--- START ---

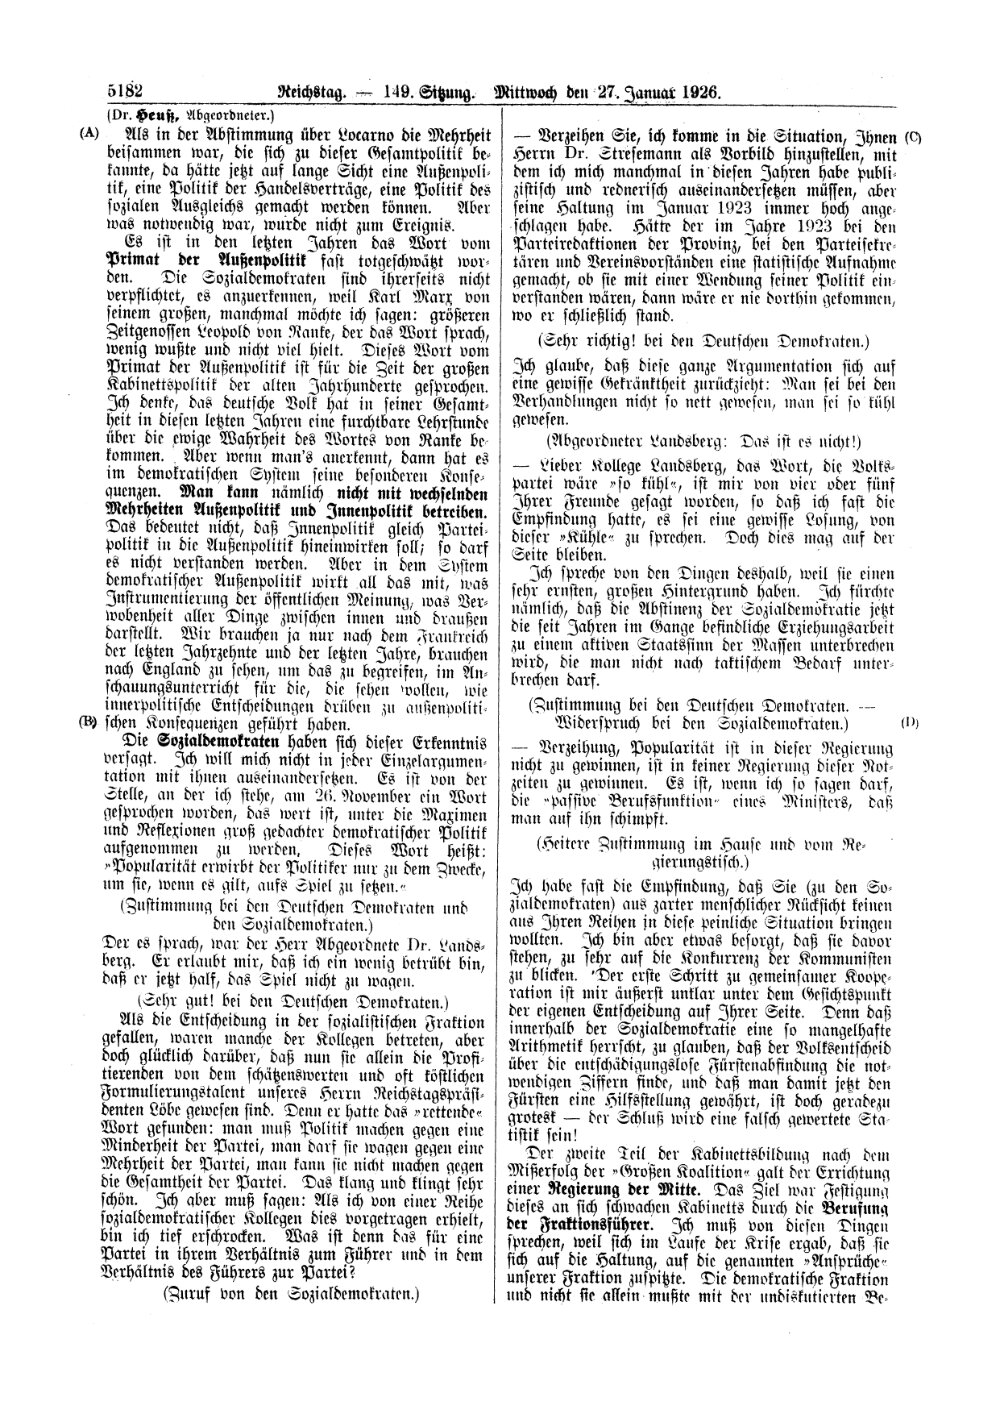 Scan of page 5182
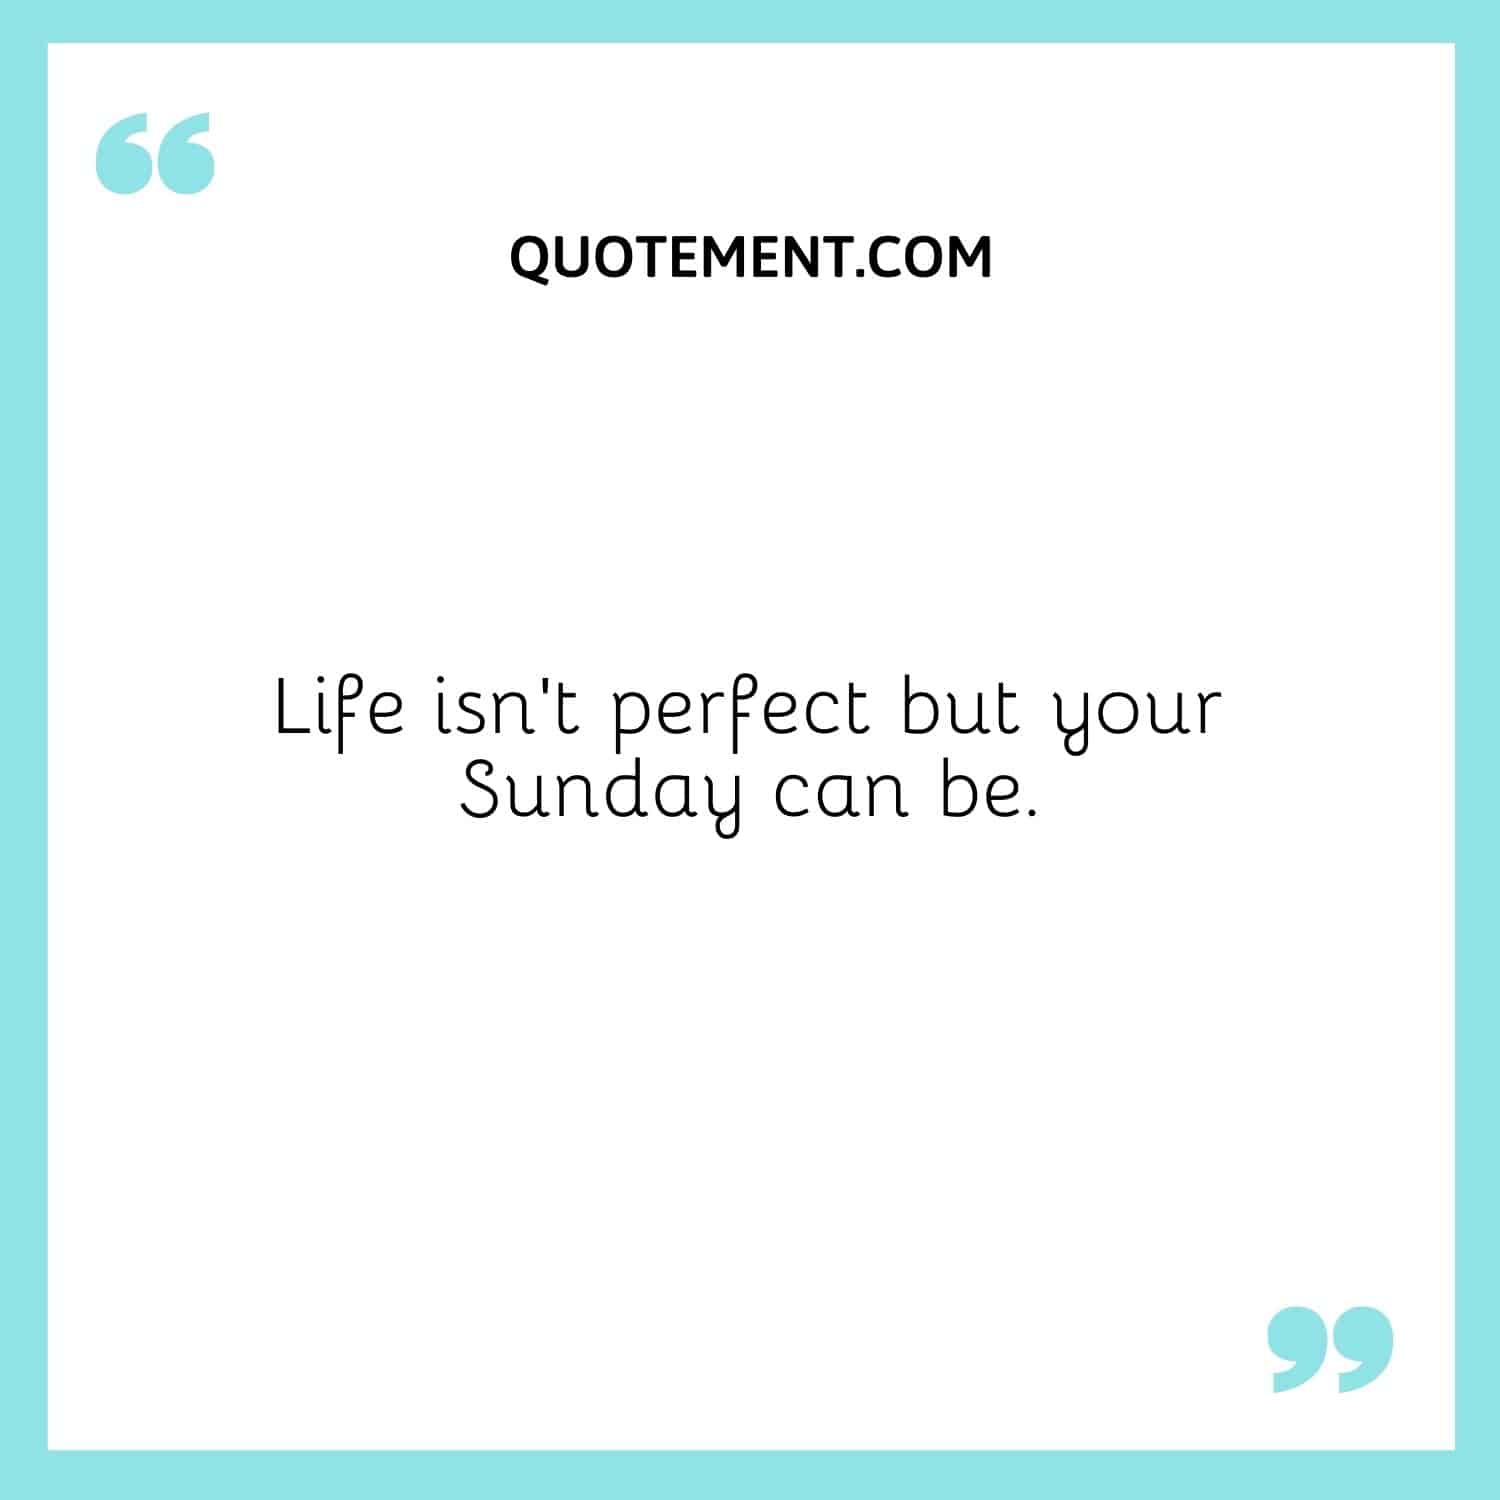 Life isn’t perfect but your Sunday can be.
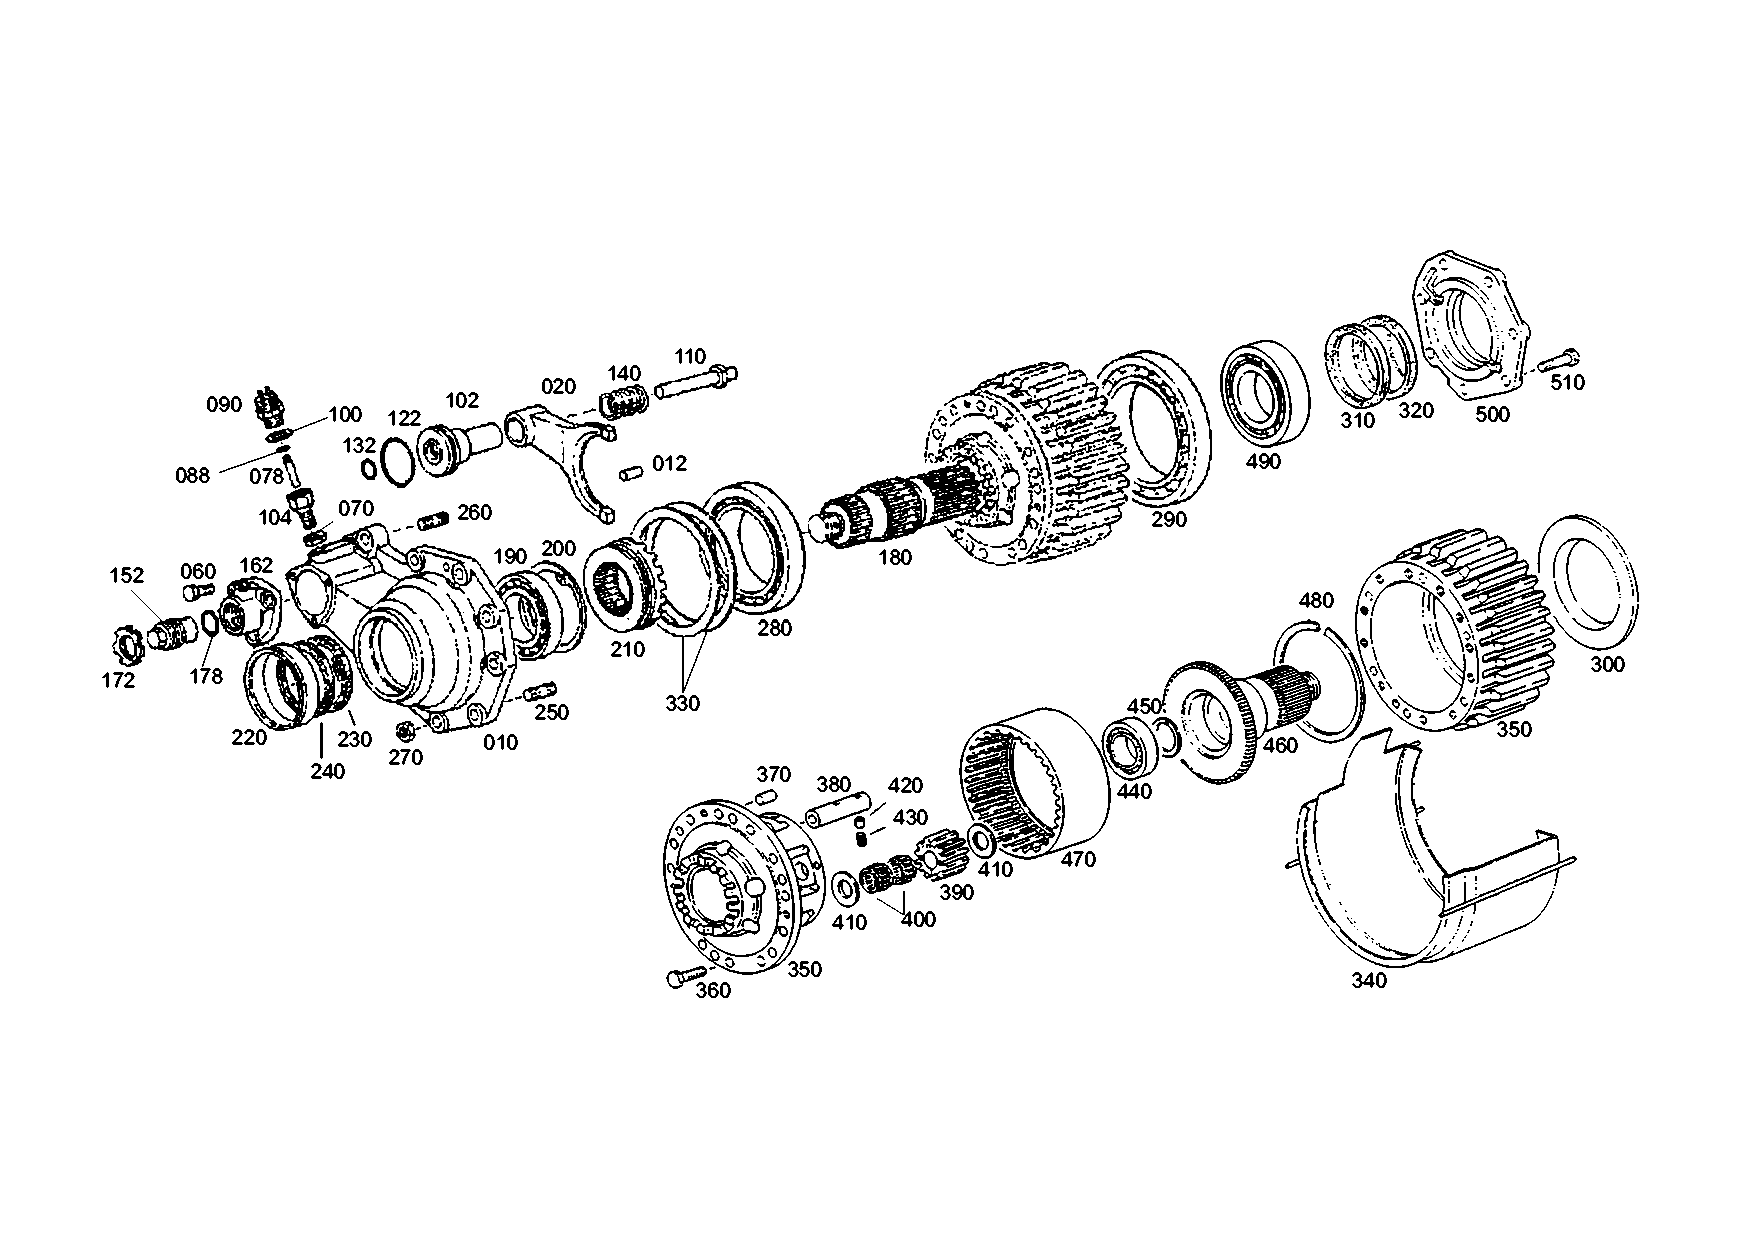 drawing for JOHN DEERE TTZF200848 - BEARING COVER (figure 5)

--- END ---

Required action
Write out the listing above exactly as it stands, pictures excluded.

Exercise response
 Scan of page 5182
 Life isn’t perfect but your Sunday can be.
 drawing for JOHN DEERE TTZF200848 - BEARING COVER (figure 5)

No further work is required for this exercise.